Elhassan came to the FBI’s attention after he wrote to a person who had been convicted in a terror-related case; that convict is not identified in court records, but by then had become a government co-operator.

In the sting operation, Elhassan convinced Farrokh to join Daesh and drove him to the Richmond airport, where Farrokh was arrested before boarding a flight that he intended to be the first leg of a journey to Syria.

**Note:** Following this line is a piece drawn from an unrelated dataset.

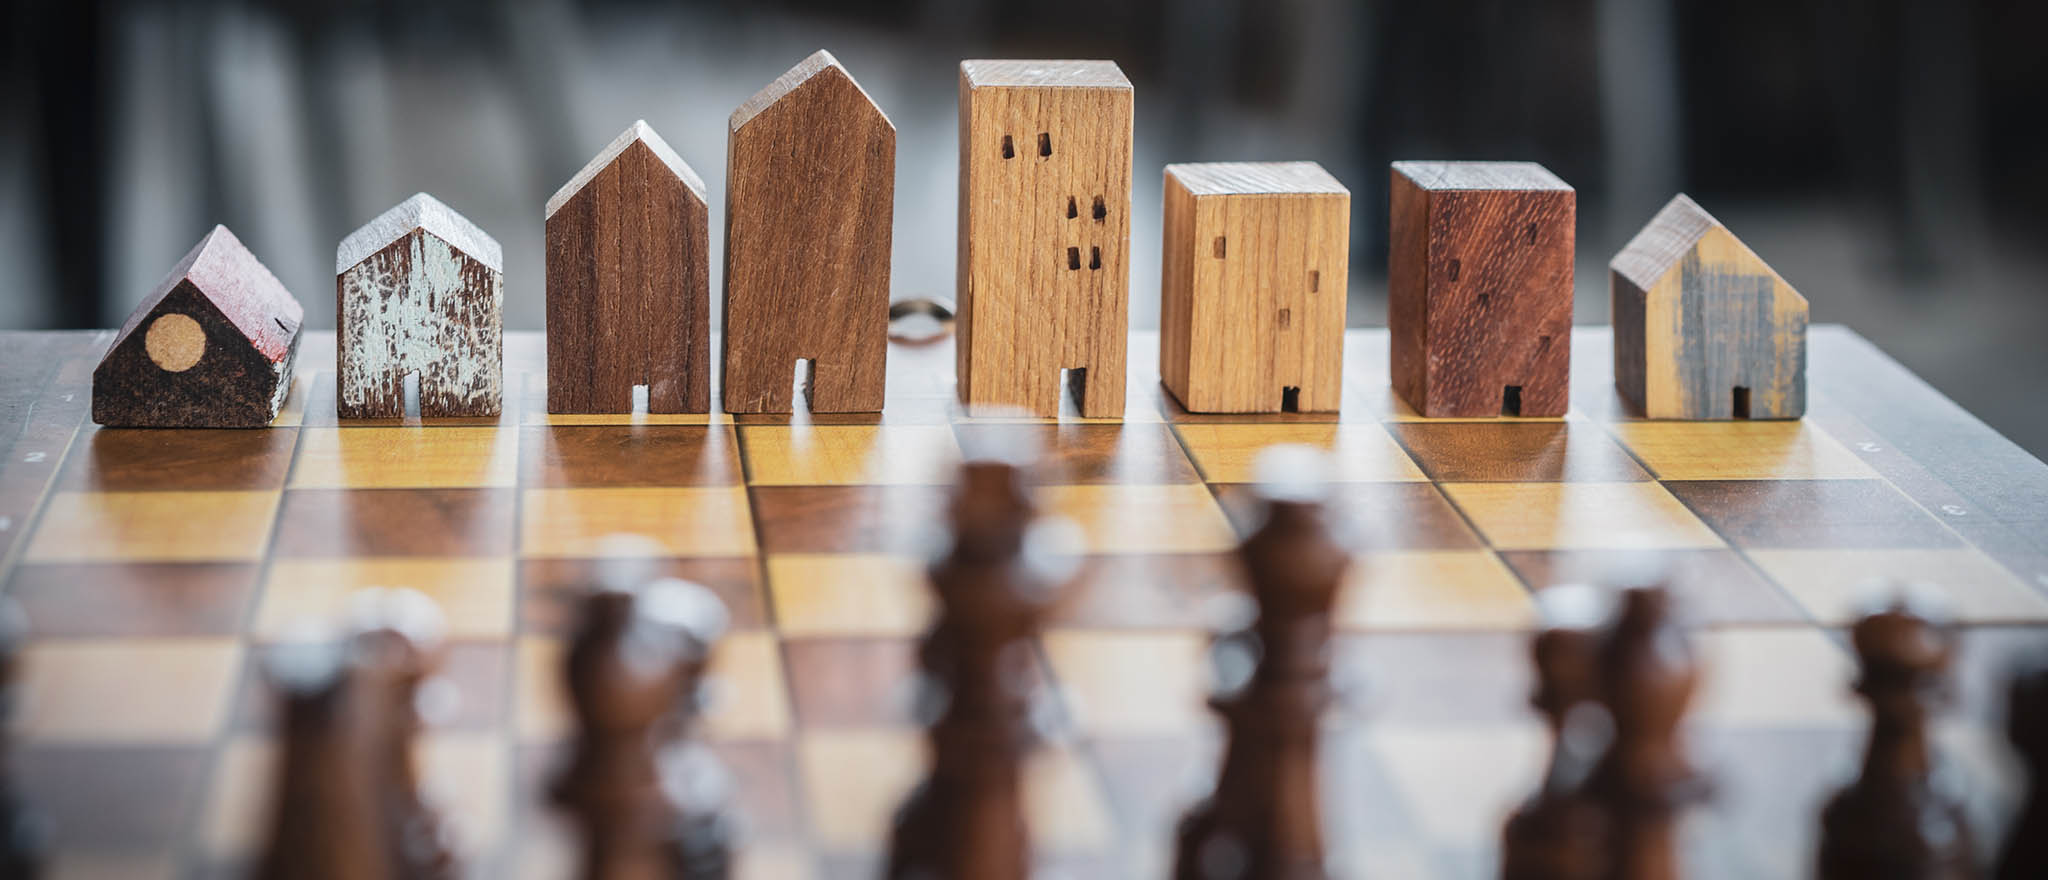 Chess board with pieces depicted as corporate real estate buildings

Elhassan’s lawyer, Thomas Durkin, said his client deserved a measure of mercy. Durkin said Elhassan suffered abuse as a child growing up in Sudan. At age 9, his mother took him to Egypt. At age 18, his mother left for the U.S., leaving Elhassan to care for his younger siblings.

Shortly after Elhassan arrived in the U.S. to join his mother and his older siblings, his mother died. In 2015, he fell in love with a Somali woman living in Atlanta, but his marriage proposal was rejected because the woman’s father looked down on Elhassan’s Sudanese heritage, Durkin said.

For a few months in 2015, Elhassan and friends set up a prayer table outside the Verizon Center in Washington, seeking to proselytize people to Islam.

Durkin also questioned the utility of federal sentencing guidelines in terrorism cases, in which a so-called “terrorism enhancement” routinely pushes the recommended sentence to the statutory maximum, no matter the circumstances of the case.

Trenga agreed that the terrorism enhancement renders the guidelines “less than completely useful” in terror cases.

Farrokh, the co-conspirator, was previously sentenced to 8 1/2 years in prison.